To do: Your job with the data below is to output exactly the lines from the one holding "Pirelli 185/55R16 T" down to the one holding "Chain-sword by mrhd.deviantart.com", both included, and no others.

Given data:
#####

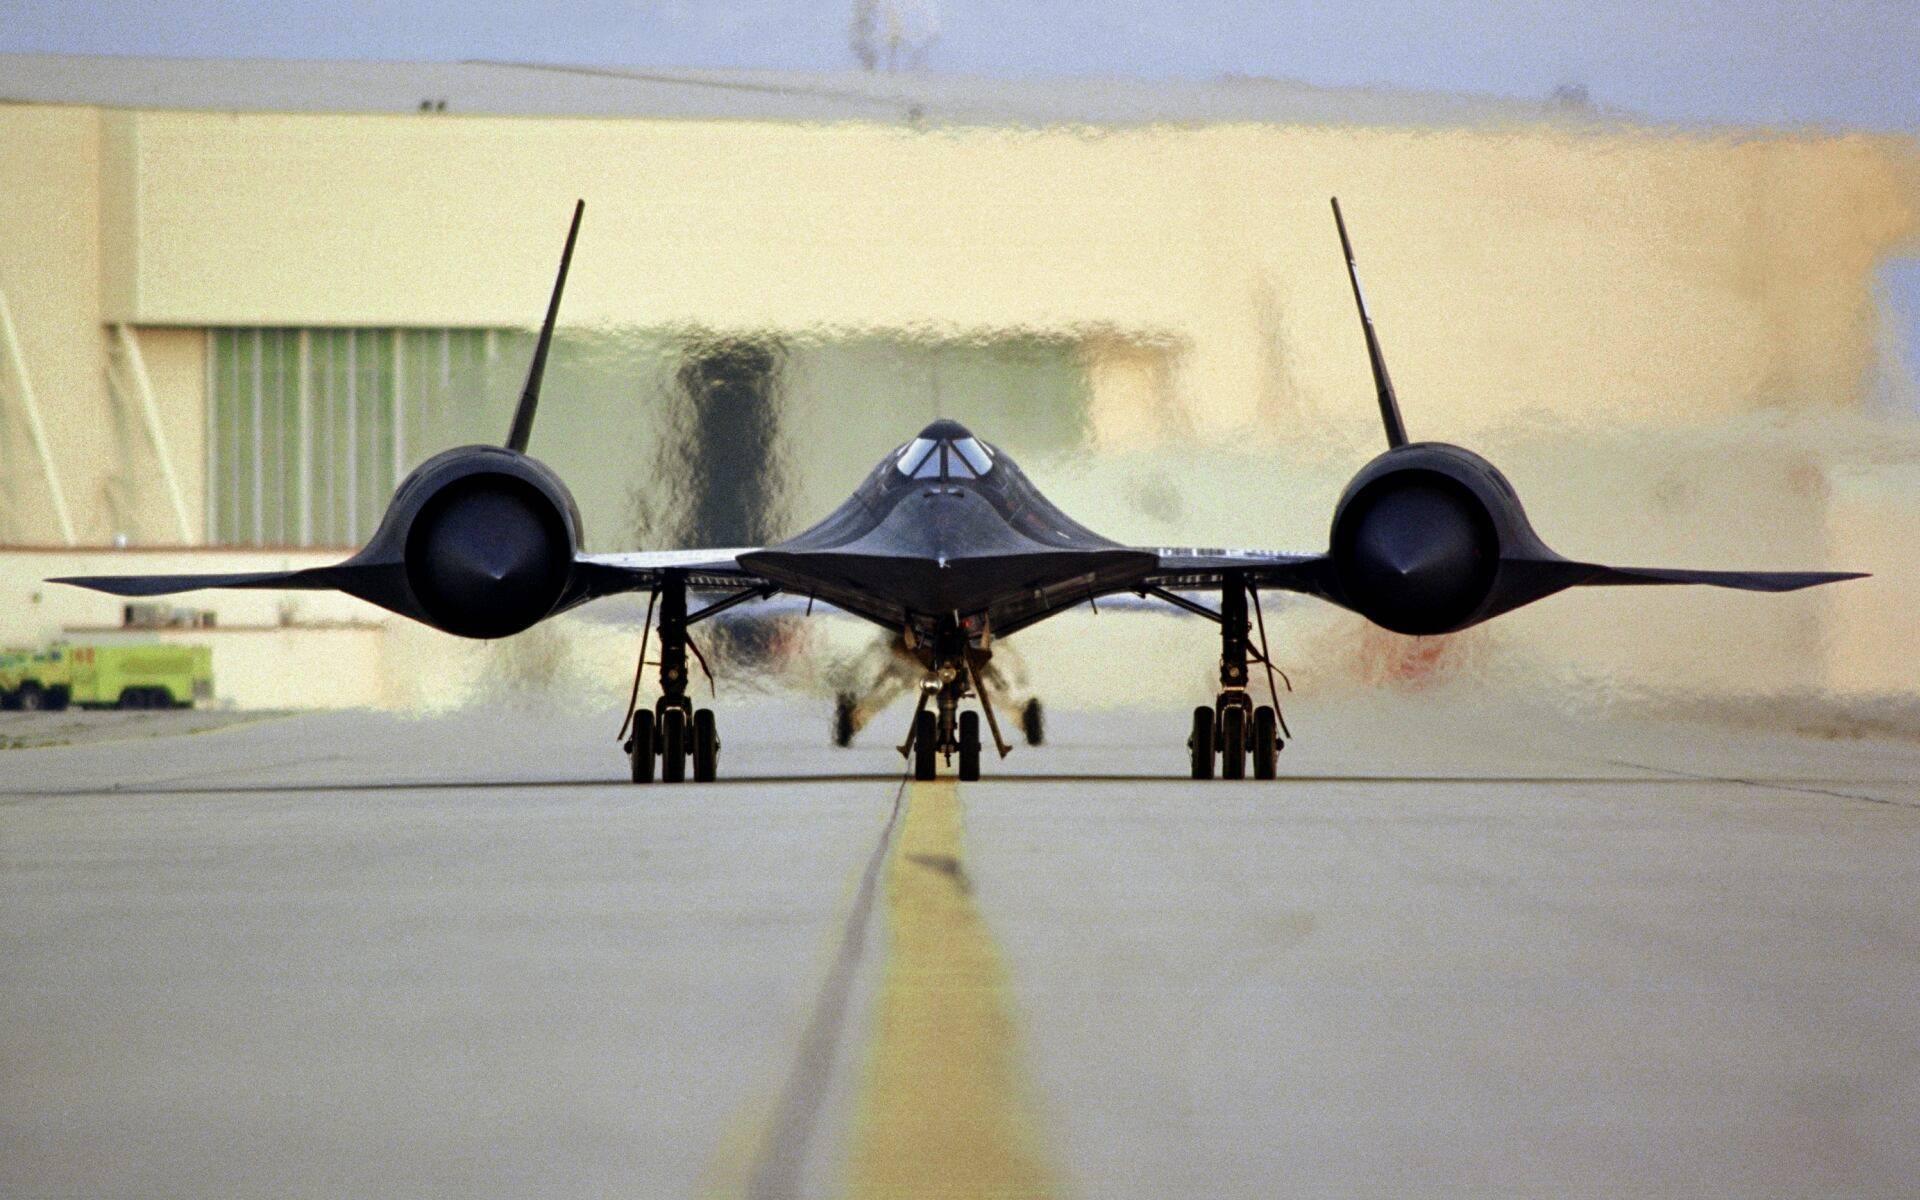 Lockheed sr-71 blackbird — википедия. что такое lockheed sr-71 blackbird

#####

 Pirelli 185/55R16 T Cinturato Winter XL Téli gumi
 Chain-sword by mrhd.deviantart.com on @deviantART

#####

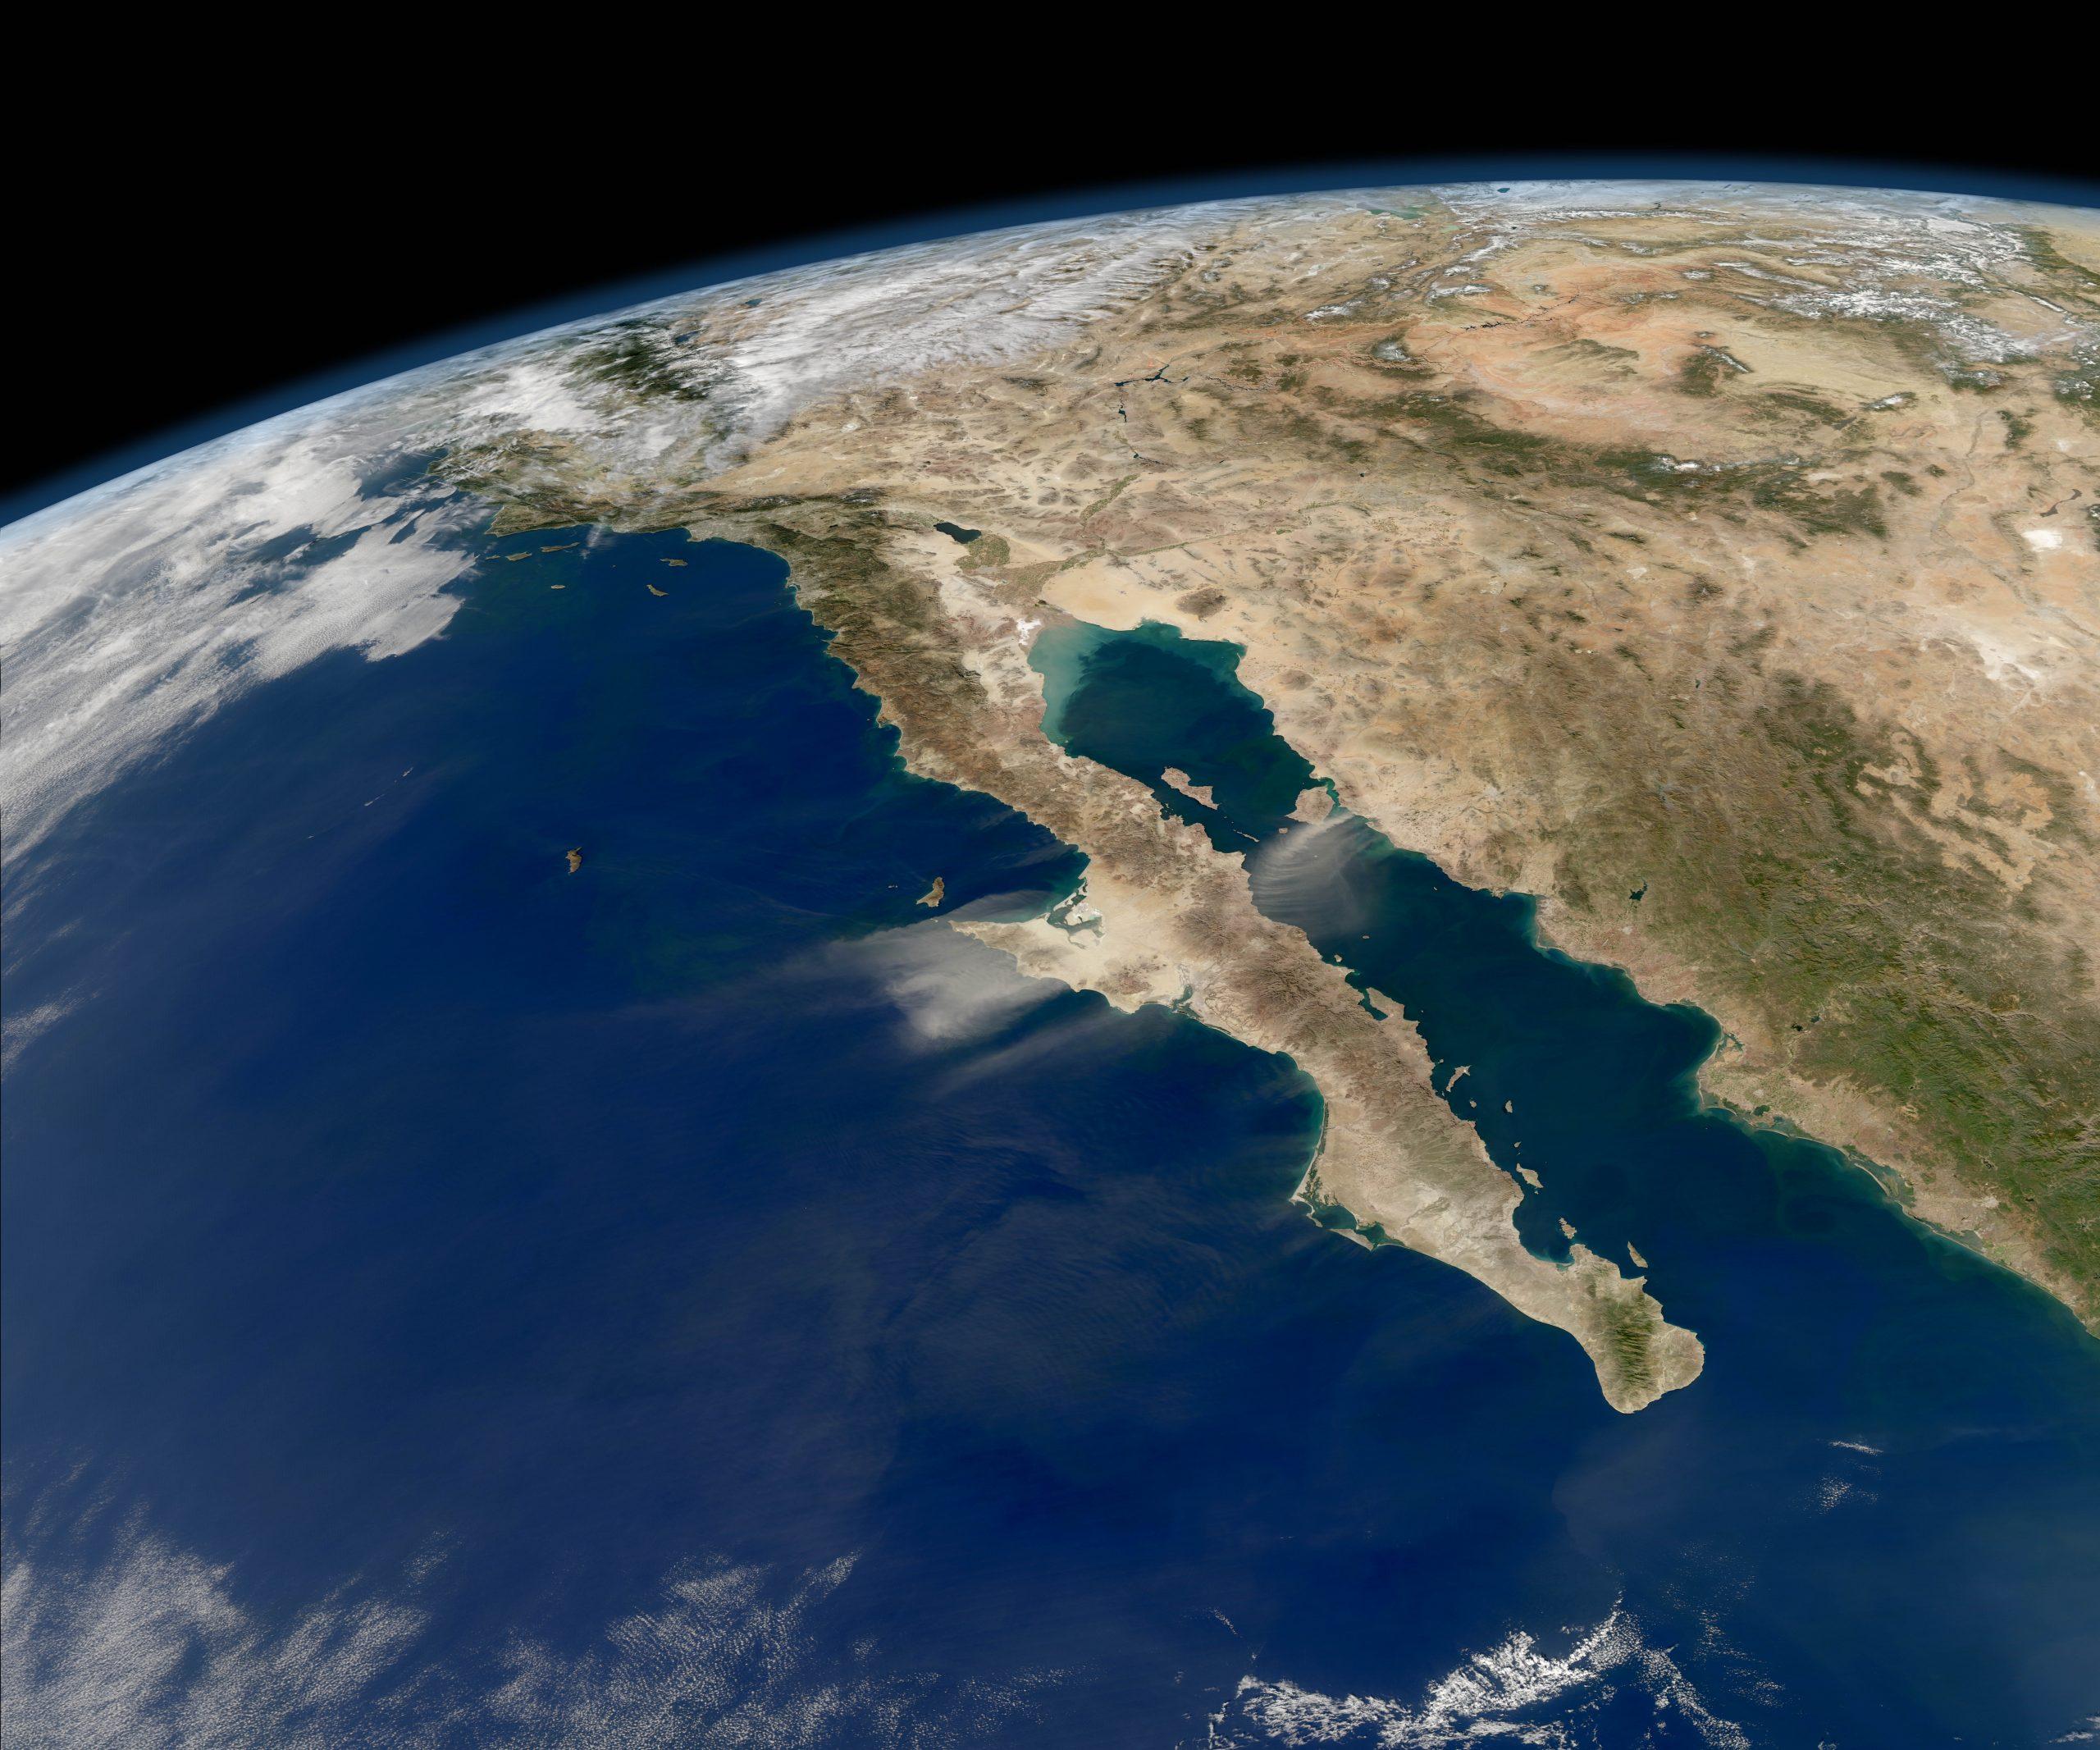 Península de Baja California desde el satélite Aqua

#####

Solution for this problem:
 Pirelli 185/55R16 T Cinturato Winter XL Téli gumi
 Chain-sword by mrhd.deviantart.com on @deviantART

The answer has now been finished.